2.7. Fine-tune for long-running and large queries
The users can optimize the performance by just adjusting certain parameters in BI Connector’s Advanced Settings window.
If a query runs for several minutes and returns an empty dataset, you’ll need to check what time the same query takes to get executed in your OBIEE. If the time taken is more than the custom time-out setting in BI Connector, you’ll just have to increase the value accordingly to avoid errors in future.
When dealing with a large volume of data, the users can also adjust the maximum number of rows and maximum rows per fetch for analysis.
For example, consider a table with more than a million rows, and you just need the first 100,000 rows for analysis. In this case, you can just set the maximum number of rows as 100,000. Additionally, you can also adjust the maximum rows per fetch, say 25,000. Then BI Connector will fetch the data four times at 25,000 rows per fetch, in order to fetch all the 100,000 rows you need. The maximum rows per fetch is very useful to avoid OBIEE time-out errors.
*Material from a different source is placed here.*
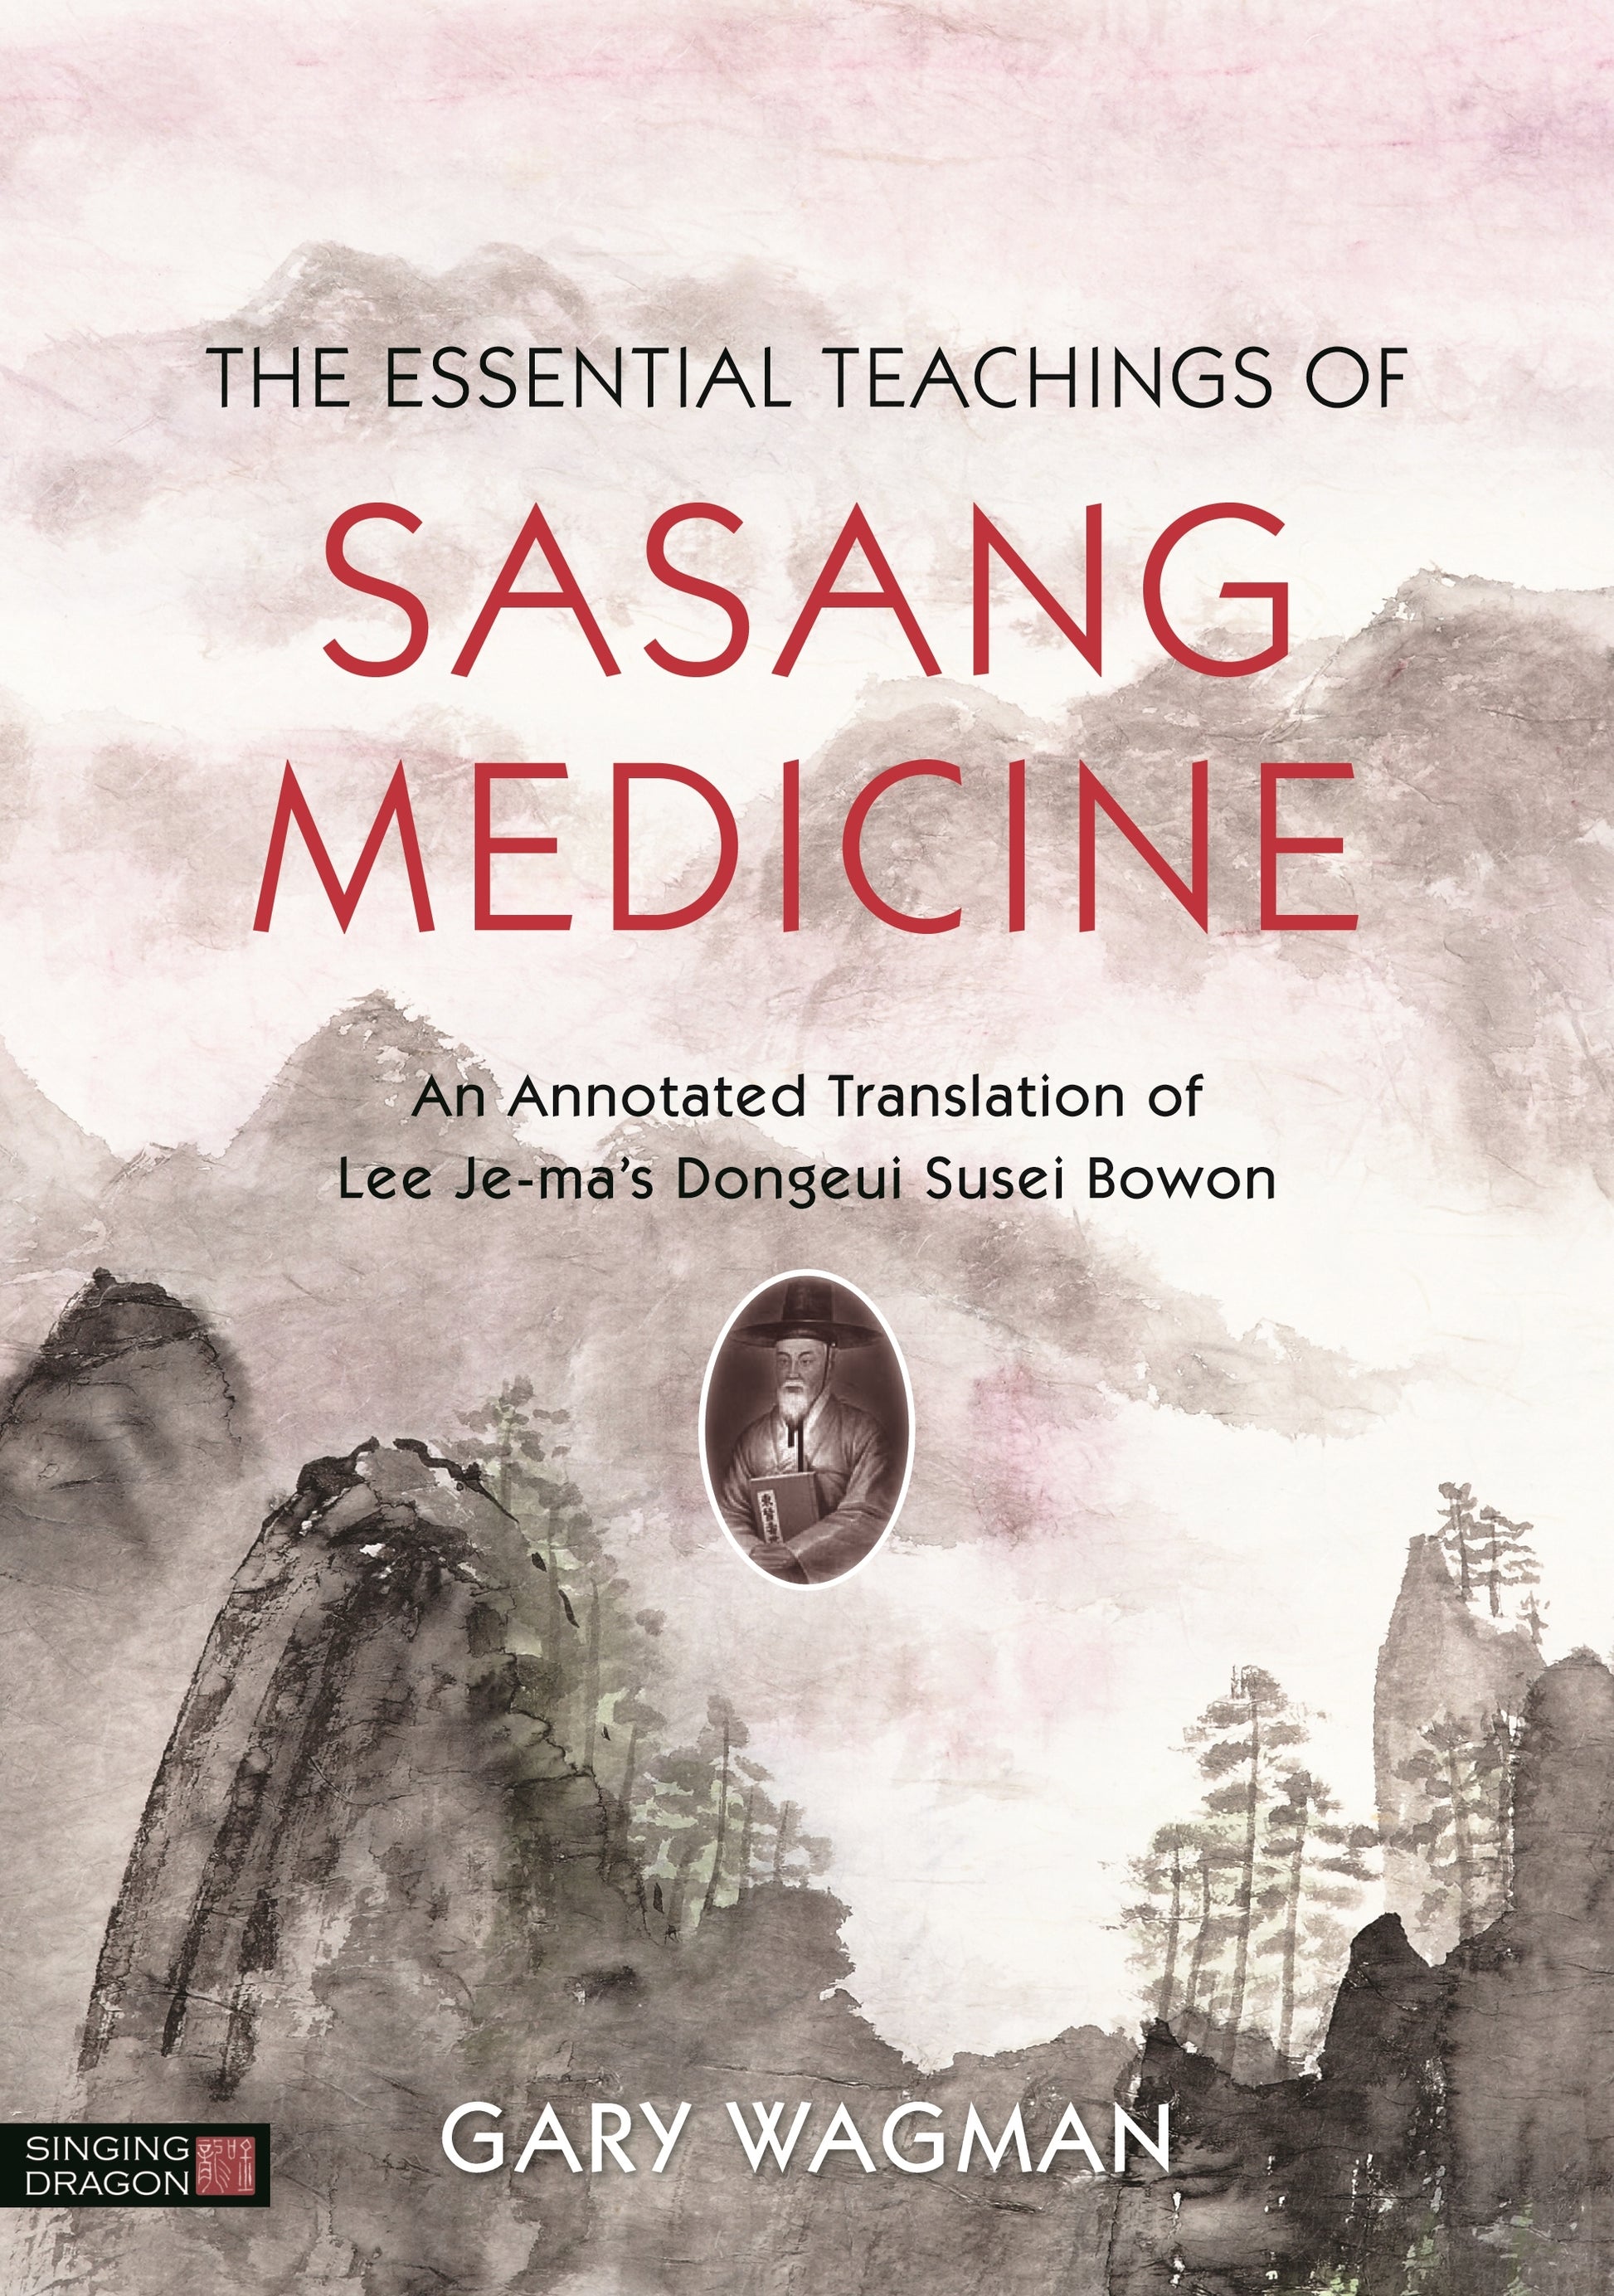 The Essential Teachings of Sasang Medicine by Gary Wagman

You can also optimize the performance by adjusting the maximum number of columns per query.
2.8. Troubleshoot connectivity issues in a click
The users sometimes face connectivity challenges when setting up the DSNs. When there’s a connection error, just click the Run Diagnostics button.
Then you can see the cause of the connectivity error, along with the instructions to fix the error. The potential causes of error are usually invalid credentials, wrong server name or port number etc.
The Run Diagnostics button is like a handy troubleshooting assistant, that helps you troubleshoot in DIY mode.
You can learn more about the Run Diagnostics feature here.
2.9. Uncheck the auto update worksheet
When you create reports in Tableau, the underlying data gets automatically updated every time you drag a measure or dimension column into the worksheet if the Auto Update worksheet feature is enabled.
Hence the report creation process is delayed. You can avoid this delay just by unchecking the Auto Update worksheet option.
With these simple best practices, your organization can experience hassle-free visualization of OBIEE and OAC data with Tableau through BI Connector.